If we have a good weather window we’ll switch over and get those double-crop beans when they’re ready. When you get into November, it’s sometimes tough to find good bean cutting weather.

Kyle Nietfeld

We got soybeans done, everything but the double-crops. They ran really well, above average. We’re happy with them. 

We got the rains in July and early August and the beans were pretty good, even on the tops of the hills and all the way across the whole field. There were some areas that yielded really well. Areas that missed the last rain in August were not as good, but they were all average to above average.

Where there was white mold, yield dropped down to probably about 60% of what the rest of the farm was in a few areas, but the rest of it really wasn’t too bad. It wasn’t as bad as we were expecting.

I think we timed wheat planting just right. We got it planted and it rained 2 days later. It really hasn’t been very fit to try to get back out there and plant wheat since. It’s been a little bit on the sticky side so we were lucky to get it in.

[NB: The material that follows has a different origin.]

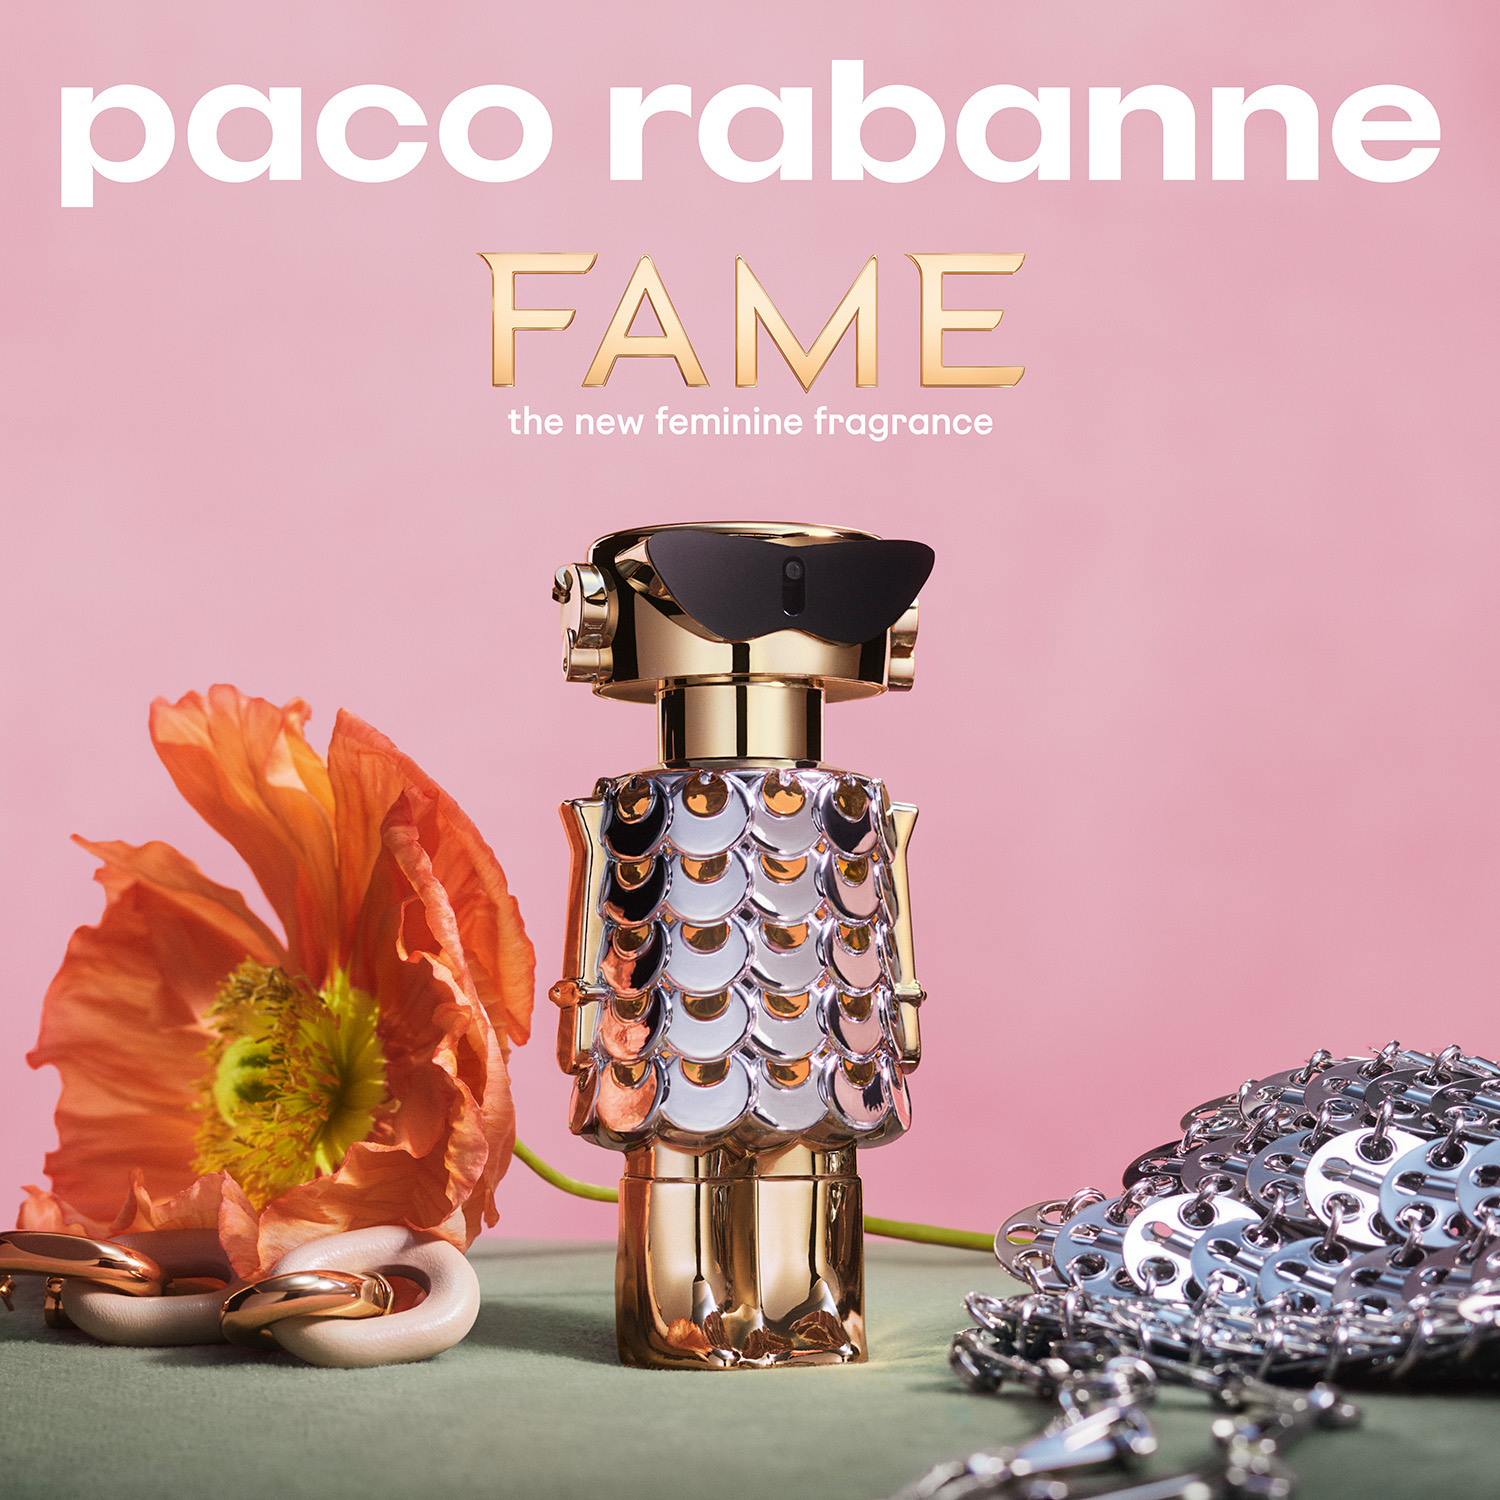 Paco Rabanne Fame Eau de Parfum 50ml

We had almost 2 inches of rain and with the cooler temperatures now, it’s been kind of tough to get the top to dry off. We’re leaving cleat marks in the field. It’s not wet and soupy by any means, but a week of dry weather wouldn’t hurt. The weather is looking nice.

The corn is wet, but the yields are good. Moisture has been anywhere from 22% to 27% in a little river bottom field. I think it’s going to be a long, drawn-out corn harvest with a lot of dryer gas used. We’re going to probably start back up here this morning. There are quite a few beans left in the area.

Jeff Magyar

Harvest is going well. We had wonderful conditions before the 2 inches of rain in this area. About half of our beans are done. For corn, not even 10% has been run. Our poorest beans were 39 bushels  in an area that missed the most rains. Everything else we’ve run has been in the 60s. If you didn’t have white mold, everyone’s happy.

We’re going to have to do some research to find something for white mold. I’ve been talking to farmers who have never had it on new ground that’s only had beans maybe one year. There shouldn’t be spores in the soil, but there were 40% to 50% yield losses from white mold in certain areas that should not have it. White mold was the worst in the early planted beans, probably due to the timing of the flowering. In a lot of the later beans, there’s no evidence whatsoever of white mold.

Corn moisture has been running 22% to 24%, normally we like it 22% or under. Because of the rain situation for the last week, we haven’t been able to run, so later this week we’ll be opening up some cornfields and seeing what the moisture is. If we have decent weather, we could maybe start running beans again tomorrow. 

Wheat acres were up. In places, guys we’re having trouble getting wheat seed toward the end. Conditions were very good for planting wheat.

We were very excited to see that Louis Dreyfus is investing in a soybean crush plant in Upper Sandusky. This will be wonderful for another market for Ohio and Indiana soybeans, whether it’s used for aviation fuel or there’ll be a lot of bean meal, which would be good for animal ag. It will be a 55-million-bushel capacity. This is a big plant. There was talk of this being in Indiana. I’m glad to see it in Ohio.